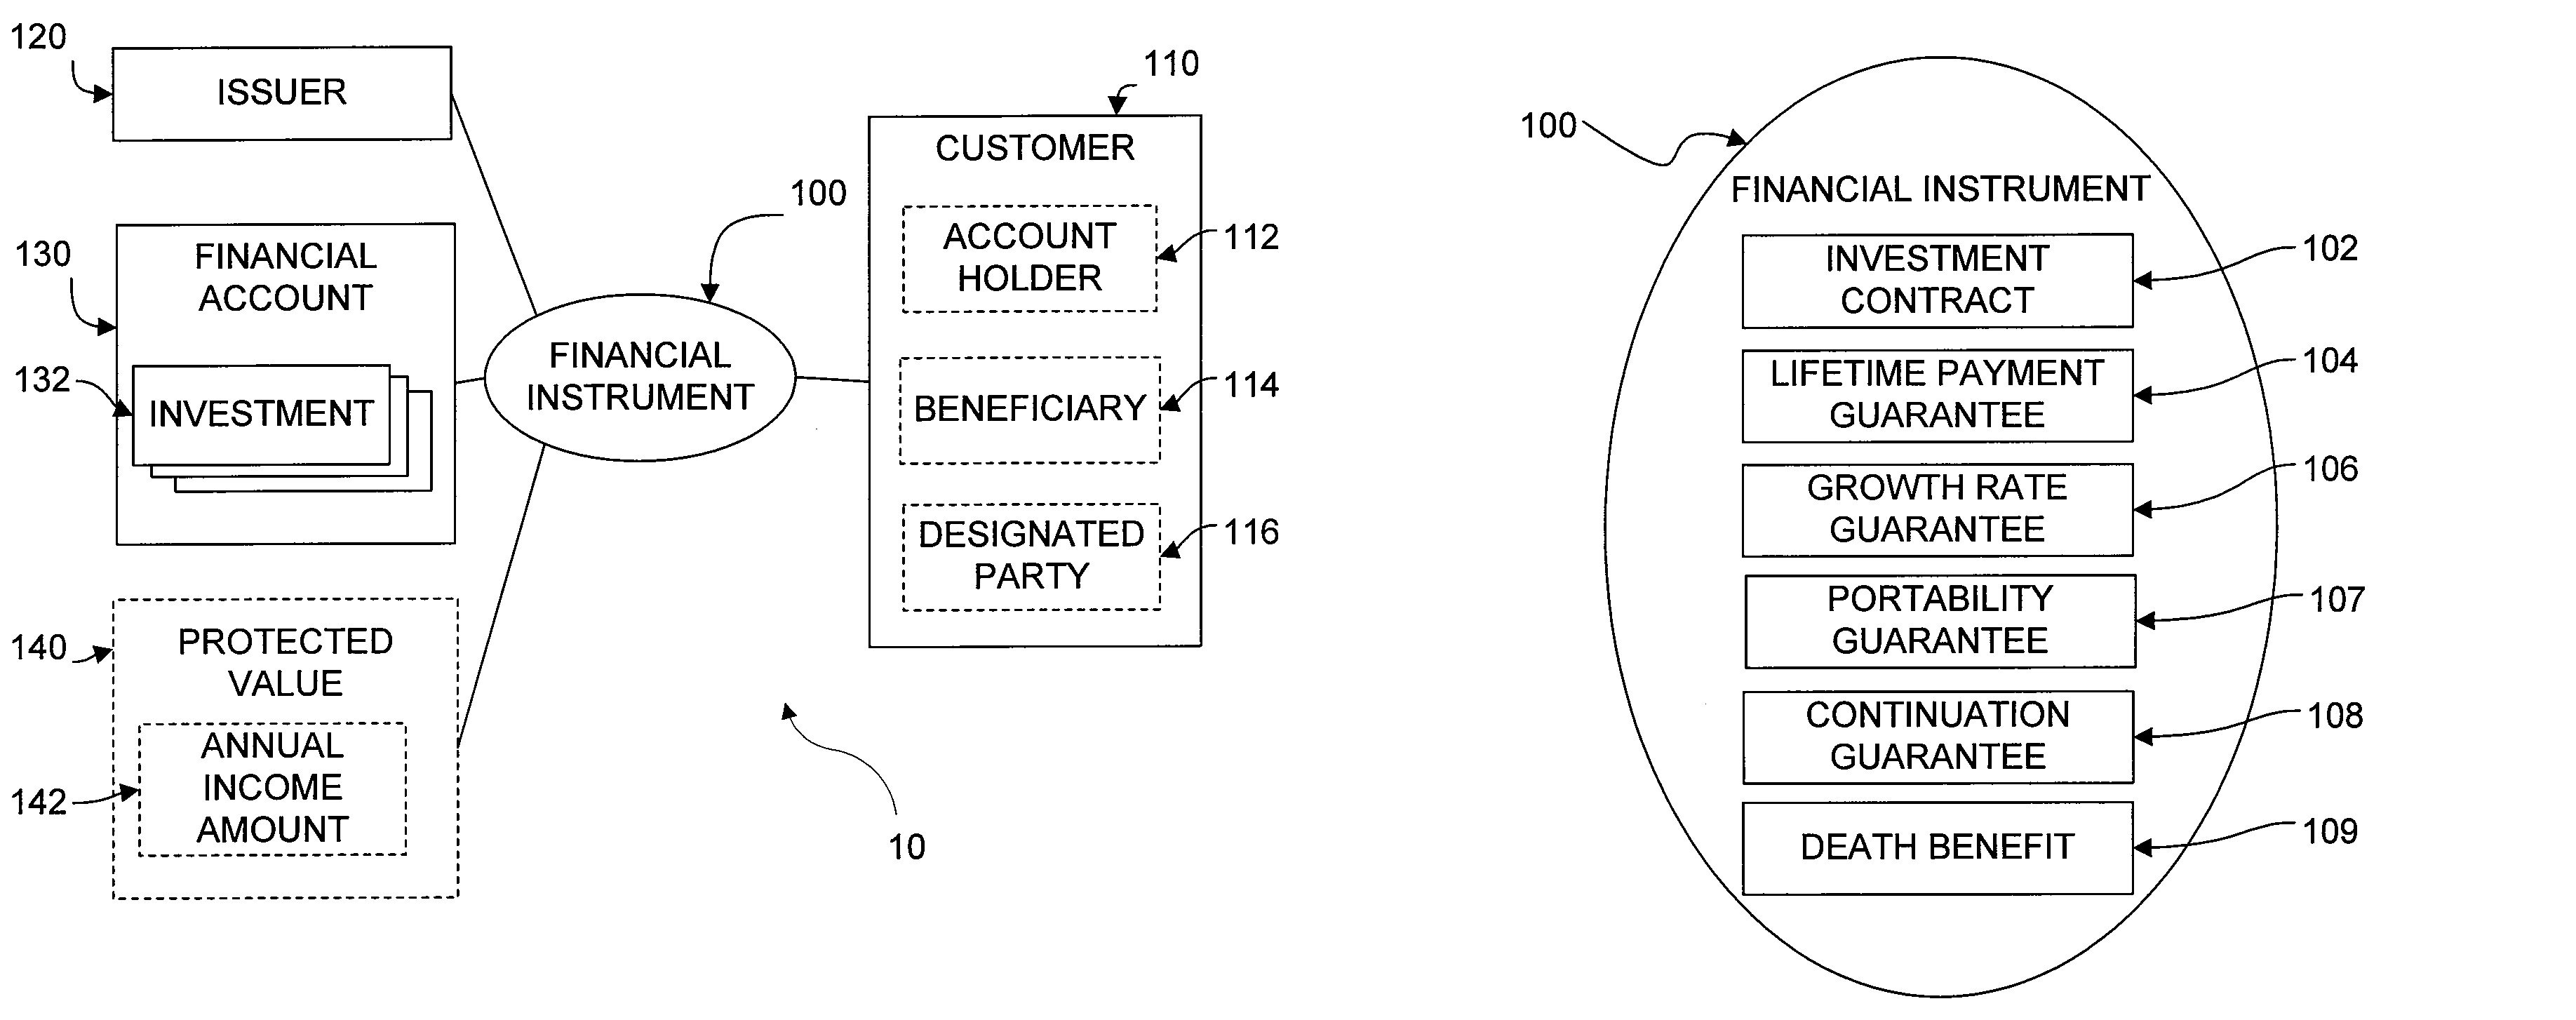 Financial instrument utilizing a customer specific date
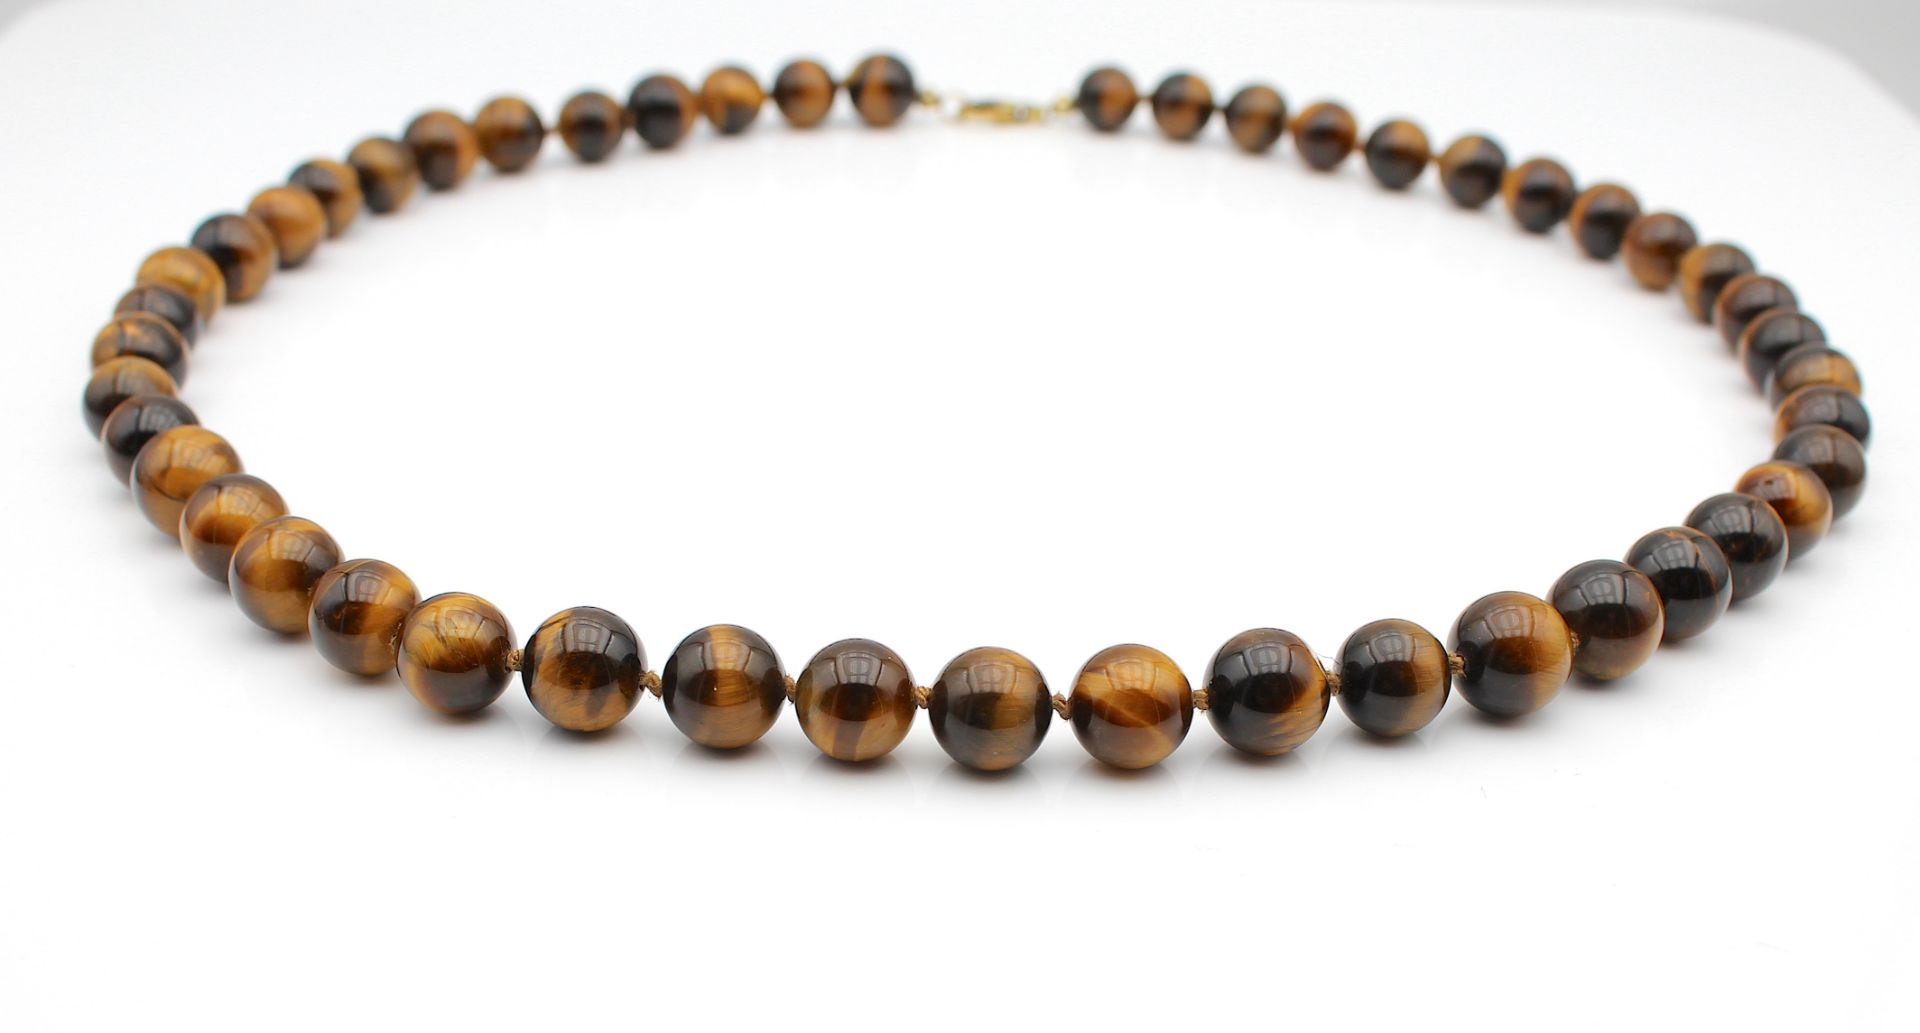 Very beautiful tiger eye necklace - Image 2 of 3
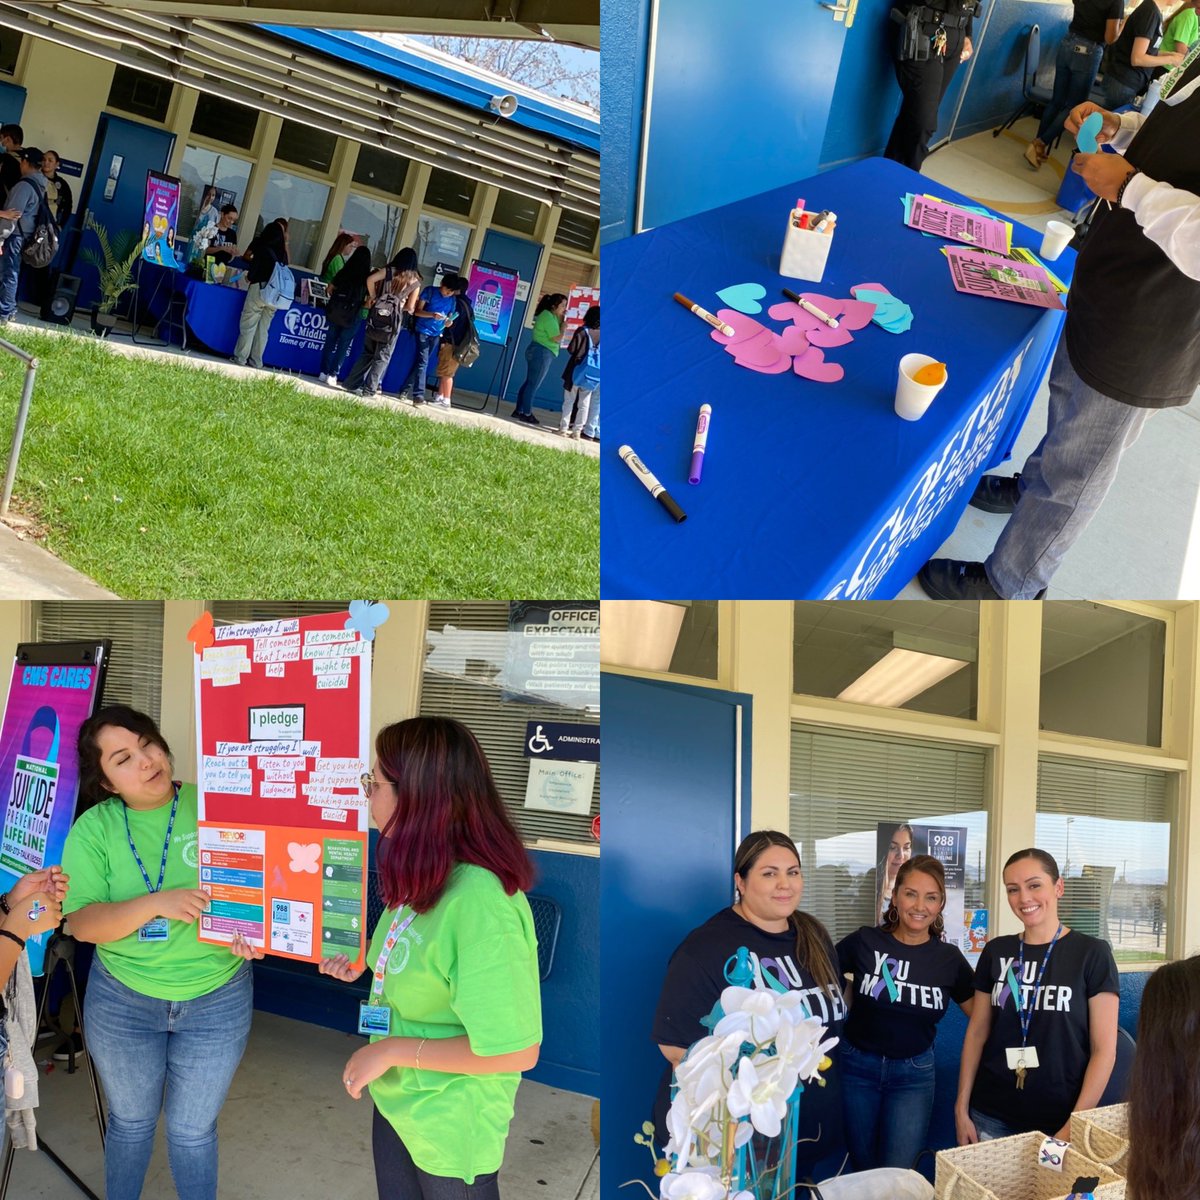 Our CMS counselors Wellness Wednesday lunch activity for Suicide Prevention Week!  Big thanks to our @cjusd_mh cjusd_mh interns for providing resources to our students! #youmatter #cjusdcares @coltonjusd #coltonmiddlefalcons @cjusdstudentsvc @coltonmiddle_counseling

★ ★ ★

Exercise brief:
Would you repeat the material above exactly, line for line, from its first line to the line with "Very beautiful tiger", including both and skipping every picture?

Answer to the exercise:
 Financial instrument utilizing a customer specific date
 Very beautiful tiger eye necklace - Image 2 of 3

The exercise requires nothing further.